Phil Schiller defends app store policy in new interview before Tim Cook’s antitrust testimony


On the eve of testimony by Apple CEO Tim Cook to the House Judiciary Committee as part of an antitrust investigation, Apple Vice President Phil Schiller defended the App Store in a new interview with Reuters. The Apple executive touted that the App Store has successfully changed how the entire software industry works.

Schiller, who serves as Apple’s senior vice president of global marketing, explained that the goal of the App Store is “to treat all applications in the App Store the same way.” Unlike PC software, the idea is that the App Store treats all developers in the same way, with no special offers or terms for larger creators. Schiller said:

“One of the things we came up with is that we will treat all applications in the App Store the same way: one set of rules for everyone, no special offers, no special terms, no special code, everything applies to all developers The same. That was not the case in the PC software. No one thought that way. It was a complete turnaround of how the entire system would work. “

On the other hand, Schiller acknowledged that the App Store has had to adjust its policy for cases in which the user had purchased a subscription or account elsewhere. In these situations, developers can allow users to sign in with an account created elsewhere, as long as the games also offer in-app payments through the Apple system:

“As we were talking to some of the biggest game developers, for example Minecraft, they said, ‘I totally understand why you want the user to be able to pay for it on the device. But we have many users who bought their subscription or their account elsewhere: on an Xbox, on a PC, on the web. And it’s a great barrier to accessing your store, ‘”Schiller said. “So we created this exception to our own rule.”

These comments from Schiller are interesting and raise questions about some of what Apple has said in the past. While Schiller emphasized that all apps are treated the same way, Apple said earlier this year that it has an “established program for premium subscription video providers” that allows customers to buy or rent movies and TV shows using the payment method linked to your existing video subscription.
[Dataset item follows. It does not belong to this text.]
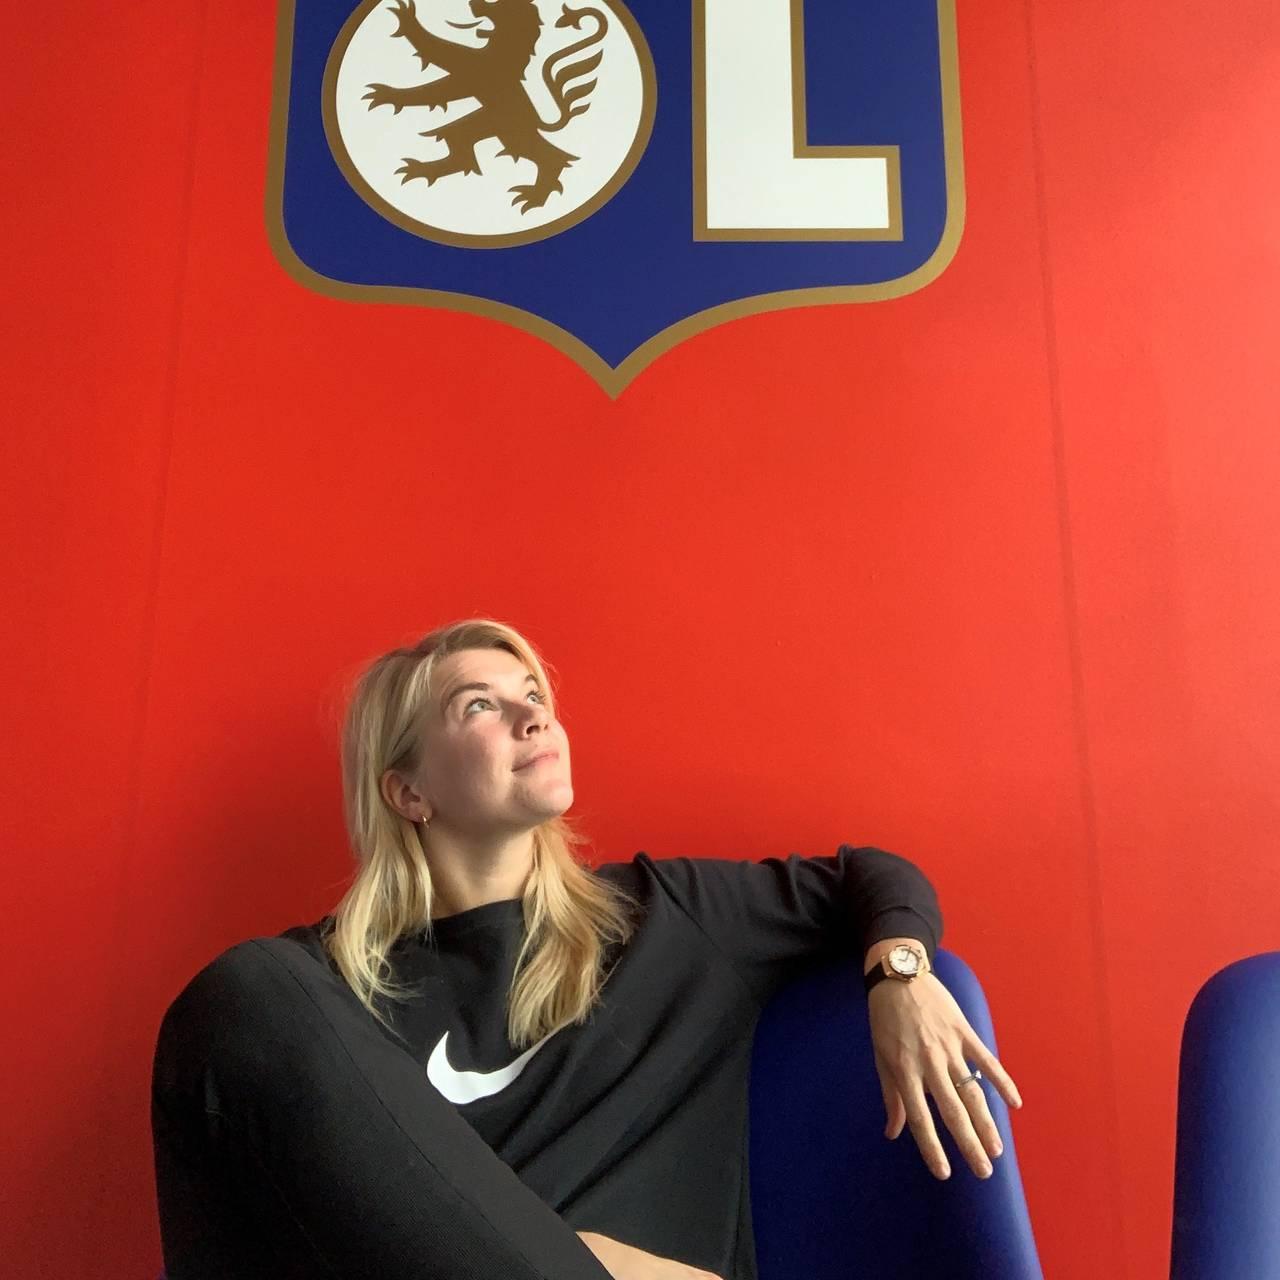 Bilde av Hegerberg får støtte av idrettspresidenten: - Dette er for dårlig

Schiller’s comments come just a day before Tim Cook faces questions from the House Judiciary Committee alongside Amazon’s Jeff Bezos, Apple’s Tim Cook, Facebook’s Mark Zuckerberg, and Google’s Sundar Pichai. In Apple’s case, concerns generally center around the cut the company takes from App Store sales and in-app payments and subscriptions.

A separate report earlier today shed new light on disagreements between Apple and companies like ClassPass and Airbnb.